If taking the World Cup there in 2025 will take us to the next level, let’s do that. They’d love it, but we have to make sure we do it properly. Take it to the right cities and stadia, the correct people get access to it and we showcase the best of what we do. The strategy needs to involve everyone – entrepreneurs, governing bodies, maybe the Wolfpack – so we get the best out of it we can in relation to building something meaningful for all.
If we even pinprick the North American TV market then watch out – that will change the goalposts when it comes to finance and budgets in an increasingly tough sporting market. It’s not the panacea but could buy more development officers, coaches and people playing the game, and that would change the landscape significantly.
ENGLAND have been unconvincing in the Four Nations so far, but they can beat Australia and win the tournament. Against the Kiwis we lost heartbreakingly with a new halfback in there in Luke Gale, not exactly disastrous although a big reason Wayne Bennett was brought in was to teach the guys how to win or close out games on such fine, narrow margins.
There’s a physical and fitness element to that bred out of weekly intensity that he says he’ll address. But it’s also about the mental side of things – keeping focussed – which is why he was so disappointed that complacency was clearly an issue against the terrific Scots. Wayne hasn’t been saying much anyway, he doesn’t, but that would have deeply annoyed him and something he would want to keep in-house.
He clearly has some selection issues now, but I’m still confident he will make a difference. Is he under pressure? He shouldn’t be, he’s won everything in the game. The stories going around about his relationship with Mal Meninga and really wanting the Kangaroos job hopefully puts more bums on seats in London.

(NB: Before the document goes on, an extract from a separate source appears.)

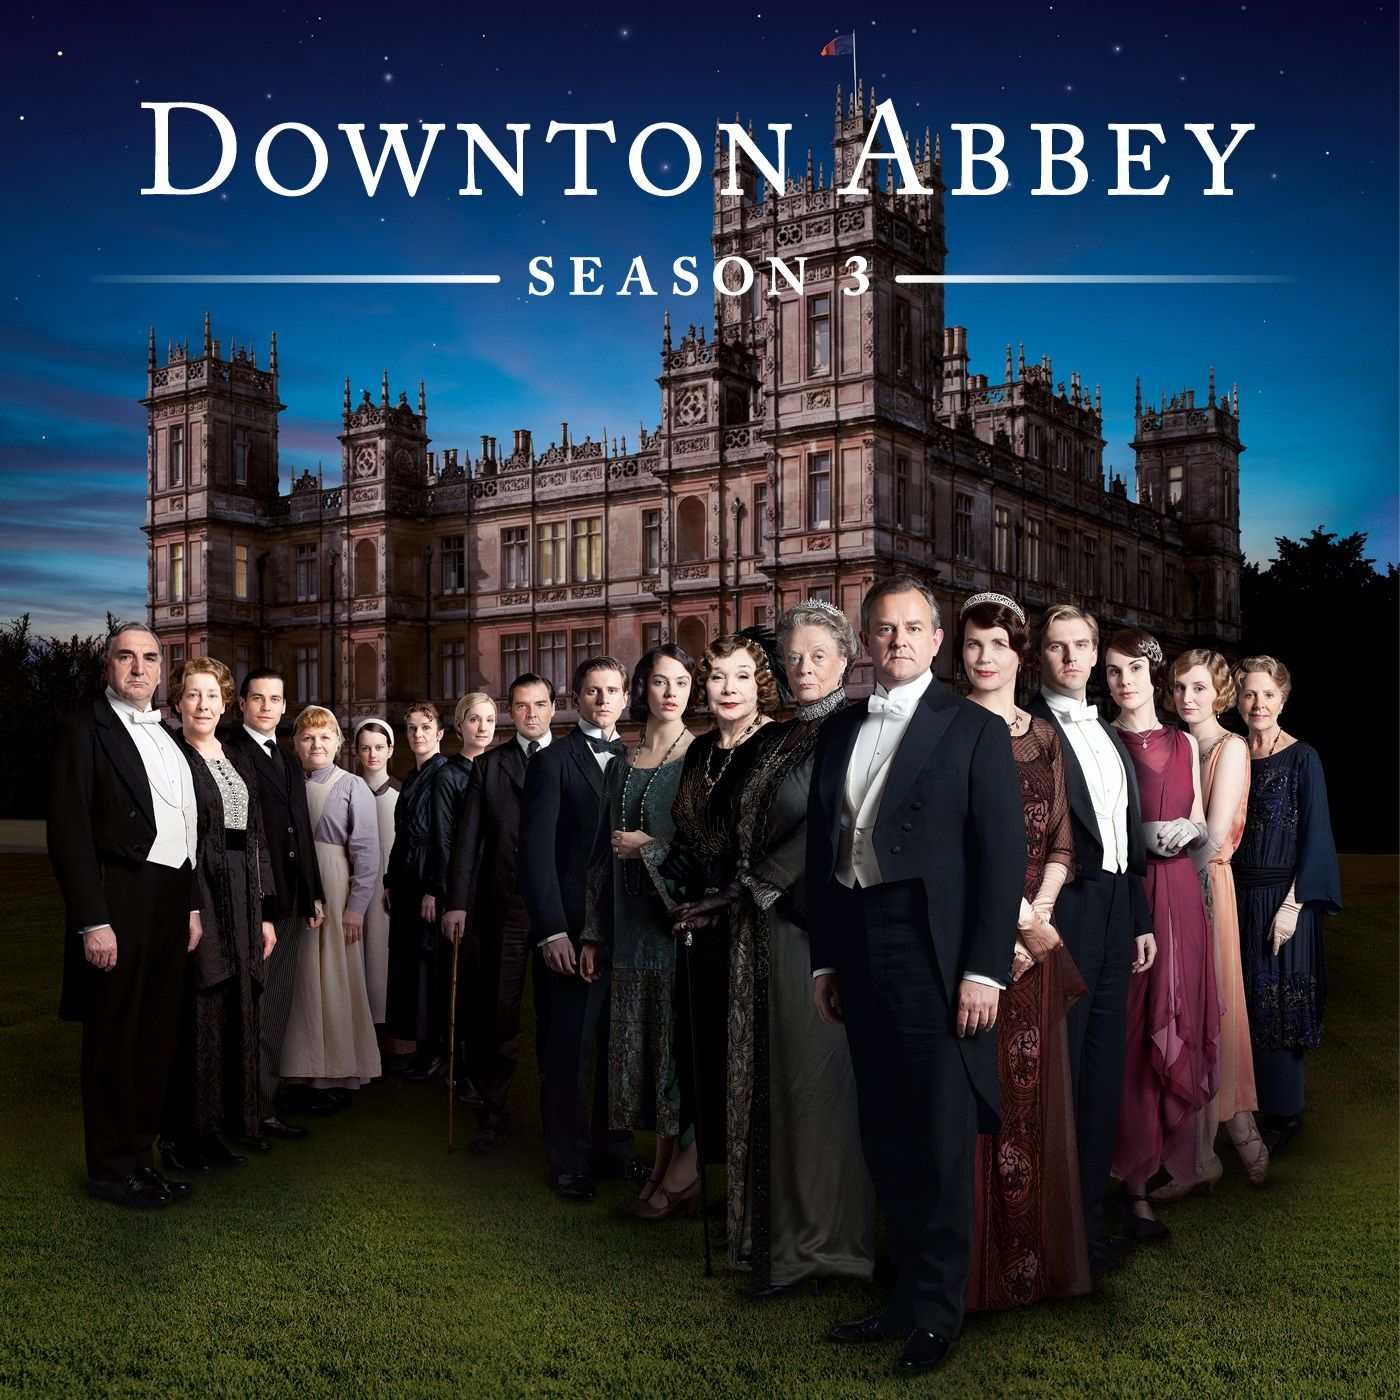 Downton Abbey | DVDRip | S 01-05 | S05E01-E04

Knowing the man and his element of integrity, I’m sure he’s doing the England job for the right reasons and maybe the World Cup is the true target. He has to have the necessary time to put the things in place he thinks he needs to do that.
There were plenty of good coaches in Super League when Wayne was approached and Steve McNamara has been snapped up by the Warriors, so debate will start if he isn’t seen to make the desired impact, but give him a chance.
When I was in charge, something I took on from David Waite was the need to play Australia and New Zealand as many times as we could because unless you benchmark the best, you’re never going to be able to compete with them – and the same is true of France with us.
We will win a game by a point and get over the line, Wayne’s working on the ‘smarts,’ he says we’re genuinely that close – and I believe we are. But will we ever cure club versus country? We have to.
If we want to sit in our rabbit holes and keep the domestic game strong, that’s cool, I’m fine with it. But if we want it to grow and can provide a worthwhile living for lots more people and greater exposure for the terrific entertainment we provide, plus the new commercial opportunities that go along with that, then we’ve got to think outside of the current, overloaded box.
The Queensland teams know they suffer when Origin is on, they lose games as a result but ultimately they cope. Wayne will be asking all those sorts of questions.
OF the 500 or so games I played and 400 coached, I don’t remember in detail too many – they’re somewhere in the hard drive at the back of my head, but need teasing out.
One that doesn’t and always will be the fondest recalled is Great Britain’s victory in Sydney 10 years ago – a whole decade!
It was a blast coaching a brand that I’d love to see back and that was a special night in my career and for a lot of other people. It’s why international rugby transcends all others. All my life my ambition was to beat the Aussies and I’ve a healthy disregard for them.
A lot of my mentors are from there, I watch their game assiduously and visit Australia regularly, but we shouldn’t feel intimidated by the fact that they’ve got more of what we want. That can and should be our inspiration as much as aspiration.